Фосетта интриговало не только умение индейцев в изобилии обеспечивать себя продовольствием, что является признаком высокоразвитой цивилизации с высоким уровнем плотности населения. Хотя у эчока, казалось, не существовало никакой защиты против завезенных к ним европейских болезней вроде кори, – Фосетт считал, что это одна из причин того, почему их численность по-прежнему остается небольшой, – они широко применяли целебные травы и приемы нетрадиционной медицины для защиты от угроз, ежеминутно подстерегающих человека в джунглях. Они даже искусно умели извлекать червей, которые так мучили в свое время Мюррея. «Они [эчока] производят языком какой-то удивительный, свистящий звук, и личинка сейчас же высовывает свою головку из сделанного ею гнезда, – писал Фосетт. – Болячку быстро сдавливают, и непрошеный пришелец выскакивает». Он добавляет: «Своим червякам я причмокивал, свистел, издавал возмущенные звуки и даже играл на флейте: это не оказывало на них решительно никакого действия». Один западный врач, путешествовавший с Фосеттом, считал эти методы колдовством, однако Фосетт называл их чудом – наряду с умением выбирать разнообразные целебные растения. «В связи с распространенностью болезней и инфекций… нет ничего удивительного в том, что среди жителей этого района так популярны лекарственные растения, – замечал Фосетт. – Против каждого недомогания есть соответствующее естественное средство». И добавлял: «Конечно же профессиональные врачи не станут предлагать пациентам применять их. Однако индейские средства часто просто замечательны, это говорю я – человек, который вполне успешно испытал несколько таких снадобий на себе». Применяя целебные растения и туземные способы ведения охоты, Фосетт сумел лучше пользоваться тем, что дает здешняя природа. «В 99 случаях из 100 совершенно незачем голодать», – делал он вывод.

Но даже если Амазония могла бы, как он предполагал, прокормить крупную цивилизацию, создали ли индейцы таковую? Археологических доказательств этого по-прежнему не было. Не нашлось даже свидетельств наличия в Амазонии каких-либо густонаселенных областей. Кроме того, мысль о существовании в этом регионе высокоразвитой цивилизации противоречила двум основным этнографическим принципам, столетиями доминировавшим в научном мире: они берут начало еще с первой встречи европейцев с коренным населением Америки, более четырехсот лет назад. Хотя иные из первых конкистадоров{30} испытывали благоговейный ужас перед цивилизациями, которые создали местные жители, многие теологи выражали сомнение, что эти темнокожие, скудно одетые существа действительно являются людьми: как могли потомки Адама и Евы забрести столь далеко и почему библейские пророки ничего о них не ведали? В середине XVI века Хуан Хинес де Сепульведа, один из капелланов императора Священной Римской империи, заявлял, что индейцы – «полулюди», для которых рабство – естественное состояние. «Испанцы обладают полным правом властвовать над этими варварами Нового Света, – провозглашал Сепульведа, добавляя: – Ибо между теми и другими существует столь же огромная разница… как между обезьяной и человеком».

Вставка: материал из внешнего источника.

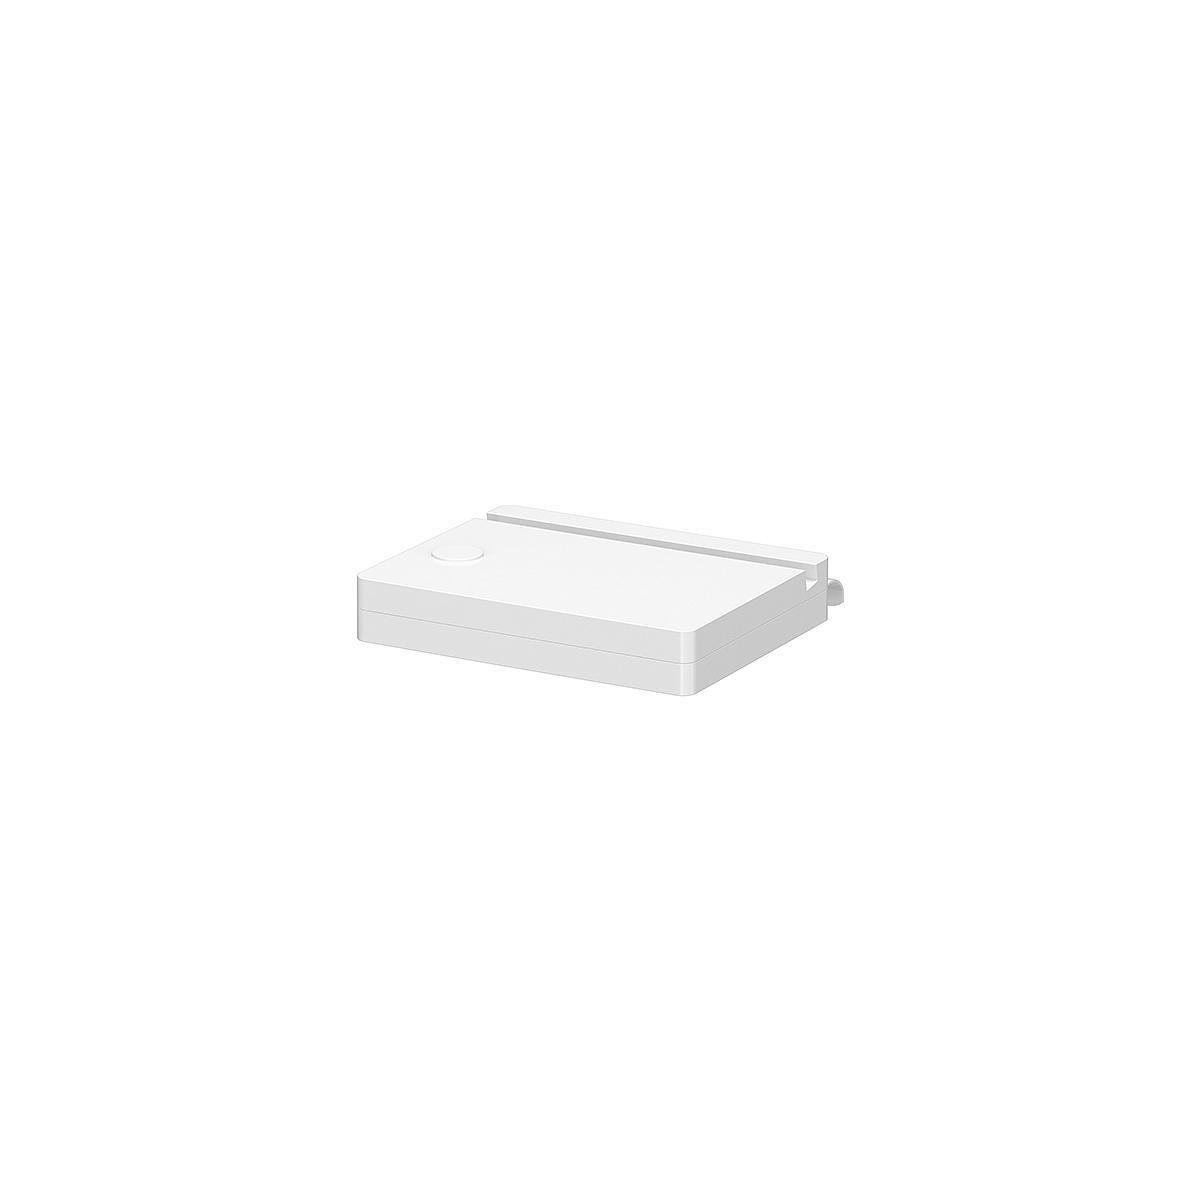 Soporte tablet Camas CLICKON CLASSIC Flexa blanco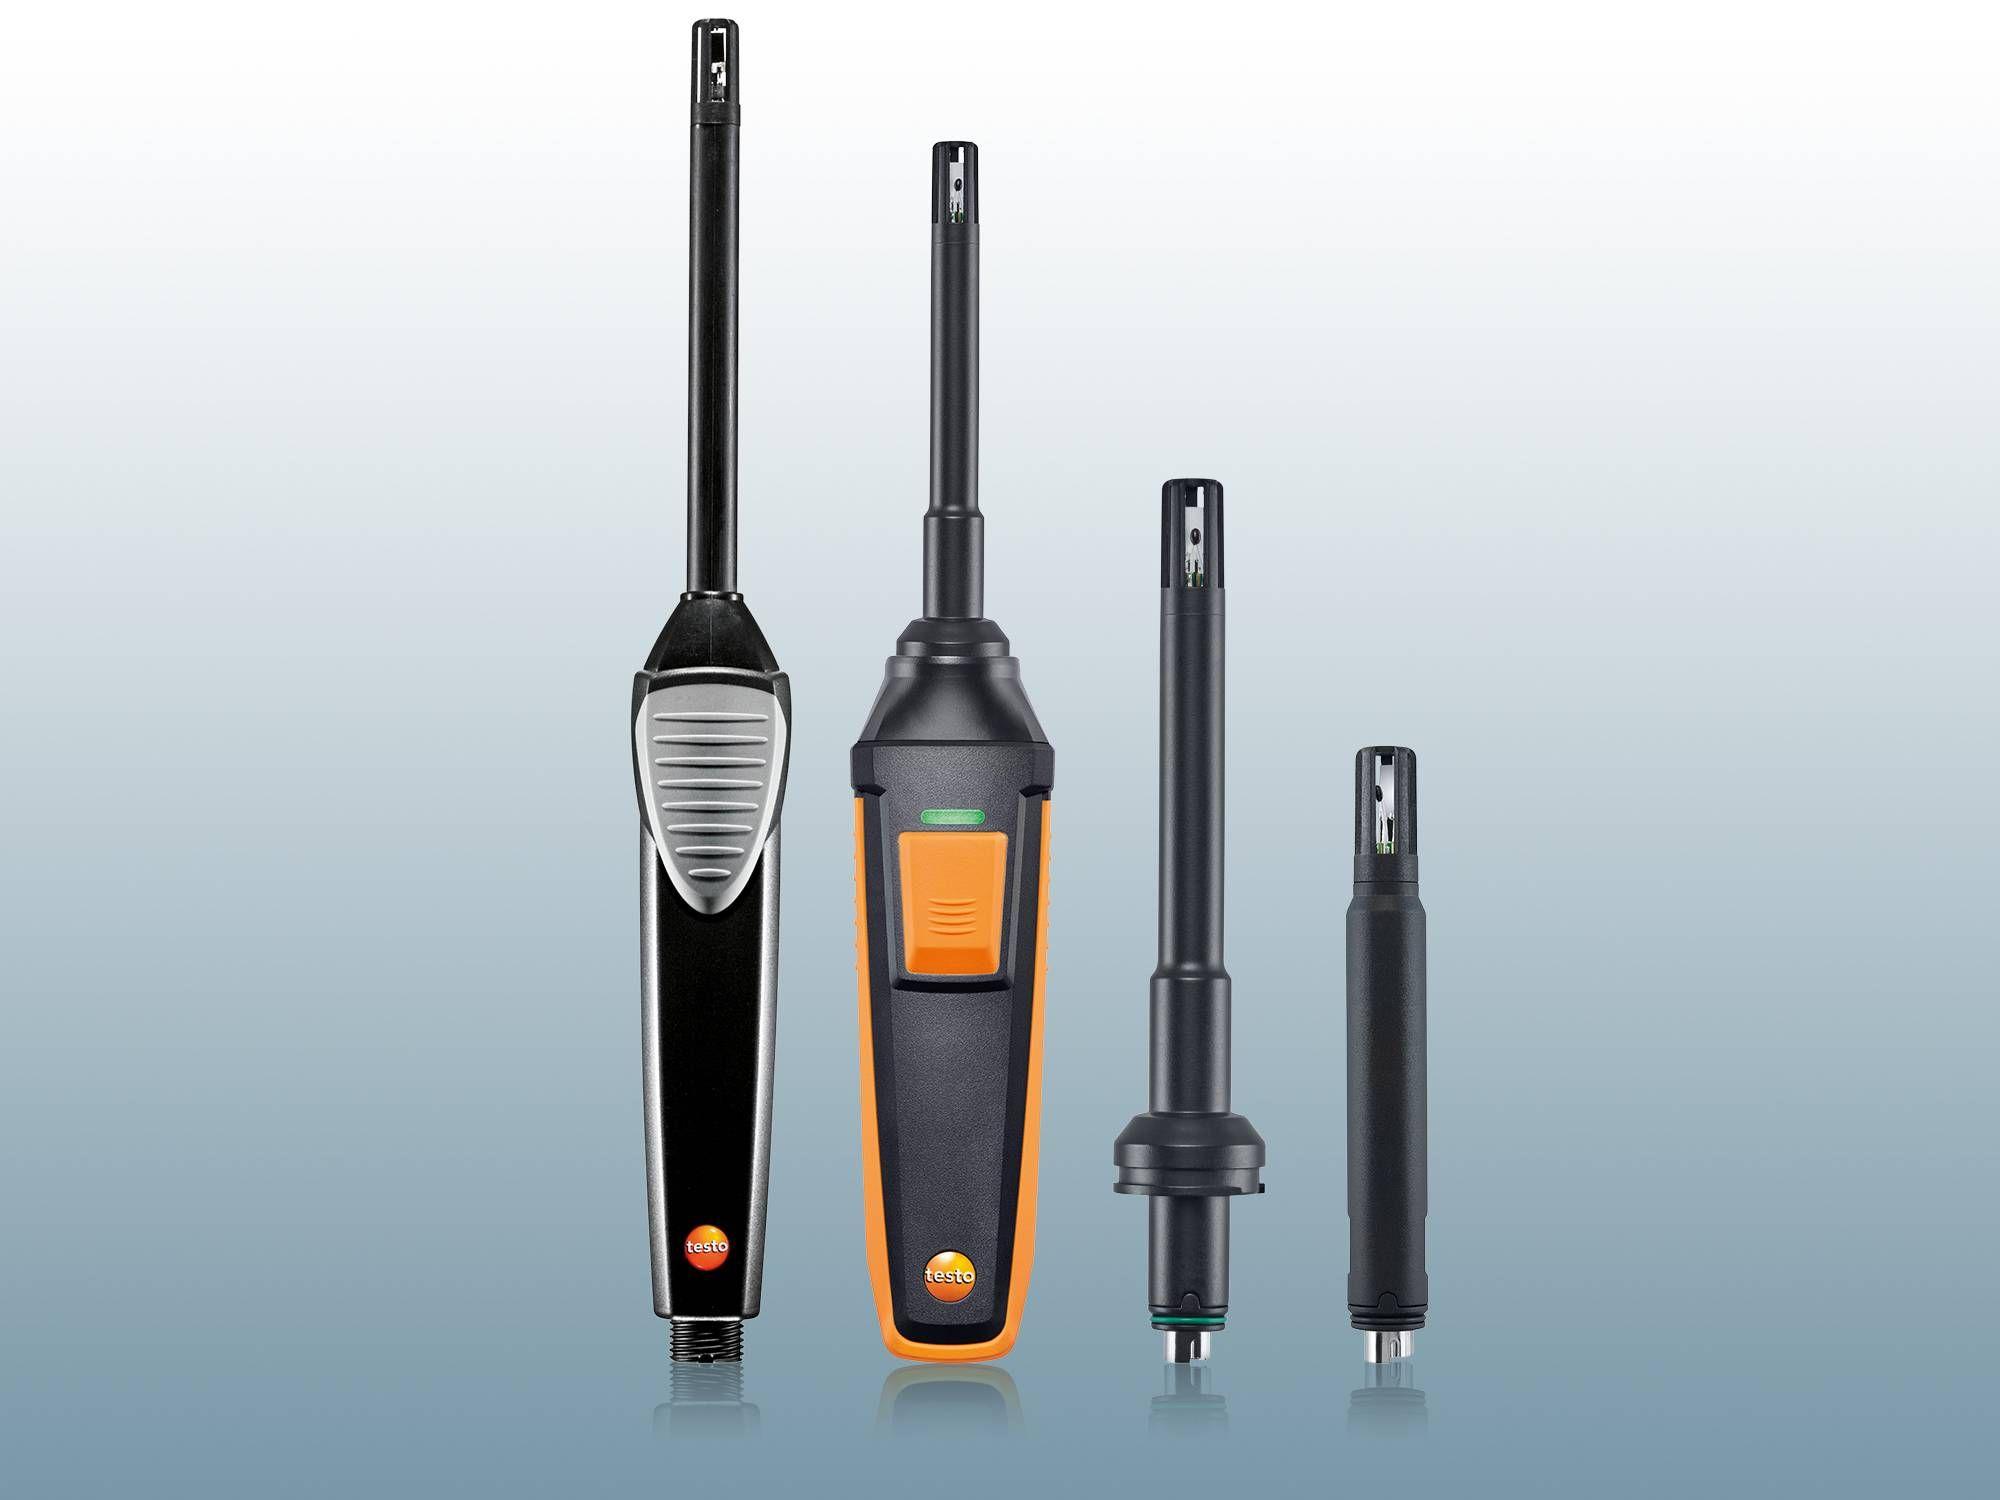 Testo hygrometer

В то время самым непримиримым противником этой теории, напрямую ведущей к геноциду, был Бартоломе де Лас Касас, доминиканский монах, много путешествовавший по обеим Америкам. В ходе знаменитого диспута с Сепульведой, а также в ряде своих трактатов Лас Касас пытался раз и навсегда доказать, что индейцы – такие же человеческие существа («Разве не люди они? Разве нет у них души разумной?»), и осудить тех, кто «прикидывается христианами» и «стер их с лица земли». Однако при этом он внес вклад в создание представления об индейцах, ставшего еще одним краеугольным камнем европейской этнографии: понятия «доброго дикаря». По мнению Лас Касаса, индейцы – «самый простодушный народ на свете», у них «нет ни злых умыслов, ни коварства», они «никогда не бывают вздорны, воинственны или неистовы», в них «нет ни тщеславия, ни жадности, и их совершенно не занимает власть мирская».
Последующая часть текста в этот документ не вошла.